The relevancy of the recommendations is paramount to maintain user engagement and to improve conversion rates.

There are many hotel and traveling recommendation systems out there: Trivago.com, Hotels.com, Expedia.com, Booking.com; and this cater to a specific audience: Those who are planning a trip or vacation somewhere.

But who caters to those of us with wanderlust? The ones without plans written in stone, those in search of the unknown.

The Question

Can we provide valuable destination recommendations using neural network embeddings to represent hotel features, and calculating cosine similarity between embeddings?

The Project

Using customer online interaction data from Trivago.com, and hotel data from Hotel.com, we created a recommender system that provides a relevant recommendation travel destination to the user.

In order to make the recommendations, we calculate cosine similarity between the embeddings of different features. These embeddings were obtained using a deep neural network with a customized architecture. The features are: City, Country, Hotel Name, Popularity, Rating, Price, Locality and Landmark.

Before deciding on using embeddings and cosine similarity to build the recommender system, we tried more common approaches, such as collaborative filtering and content based recommenders, none of these were were fruitful because of matrix sparsity and the curse of dimensionality: our matrix was 99.99% sparse, and the maximum sparsity acceptable to use either collaborative filter or content base recommenders is 99.5% - according to industry guidelines.
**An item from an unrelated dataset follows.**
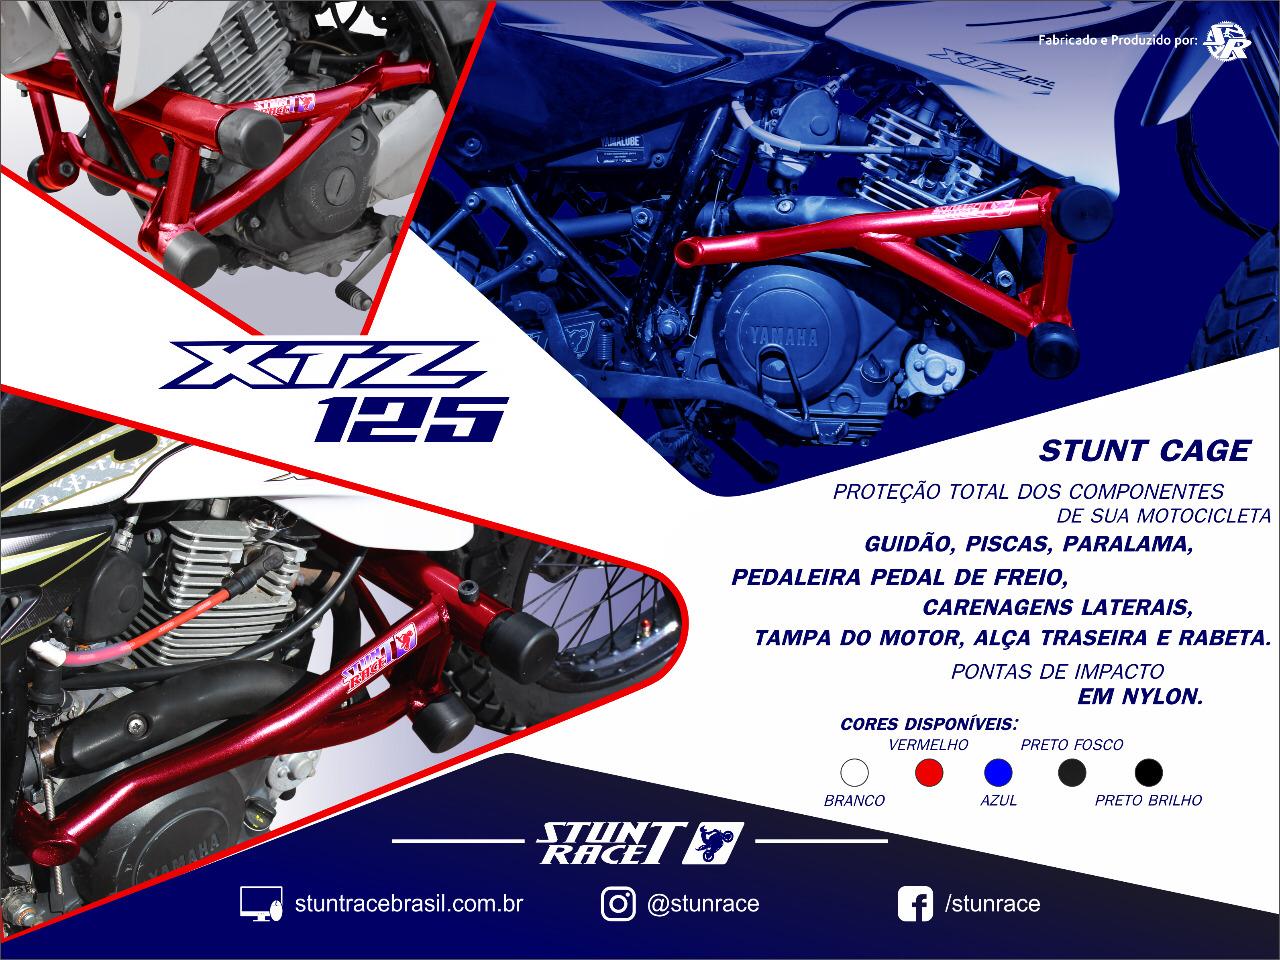 STUNT CAGE CG160 FAN TODOS OS ANOS. – Stunt Race Brasil
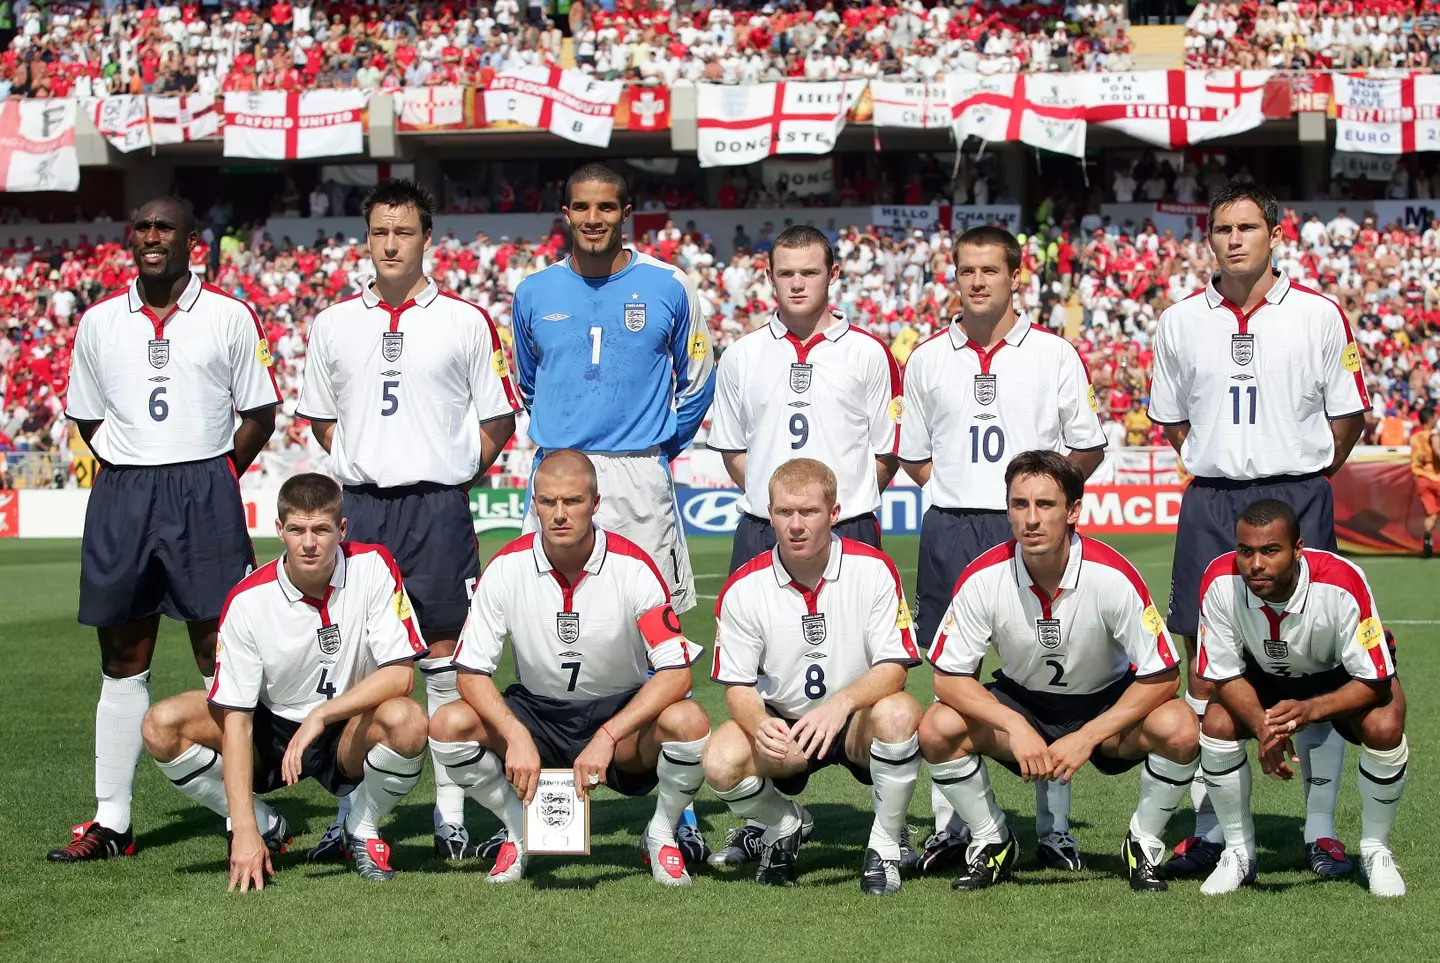 England's 'Golden Generation' lining up at Euro 2004. (Image

Finally, we created a prototype product (a web application) to showcase some of the functionalities developed for the recommender system.

The Data

The dataset contains 422.380 hotels, in 22.567 different cities, across 198 countries.

The data was scraped from Hotel.com, and it also includes locality, landmark, popularity, rating, price, URL, and address.

We also had a second dataset from Trivago.com. This dataset was downloaded through the RecSys Challenge 2019 website, and it had information on 15 million user interactions in Trivago's website, recorded over a period of week.

Exploratory Data Analysis

We explored both datasets in search of interesting and relevant pieces of information that could help steer the direction of the project, or that could be considered fun facts.

Starting with the Trivago.com, we took a look at the devices from where the users browse the websites. And filtered it further down to get the devices where users click-out - meaning, that they are effectively converting through the sales funnel.

We were also curious as to the times of the day, and the days of the week with the highest conversion. Finding out that it was Monday evening was a surprise, but on second though it makes sense.

Moving forward to the Hotels.com dataset, we looked at the cities and countries with the most advertised hotels:

This exercise gave us an idea of the distribution of our data, and also gave us a picture of the people behind the screens.

Baseline Model

The baseline model was meant to tackle the cold start problem by offering unpersonalized recommendations.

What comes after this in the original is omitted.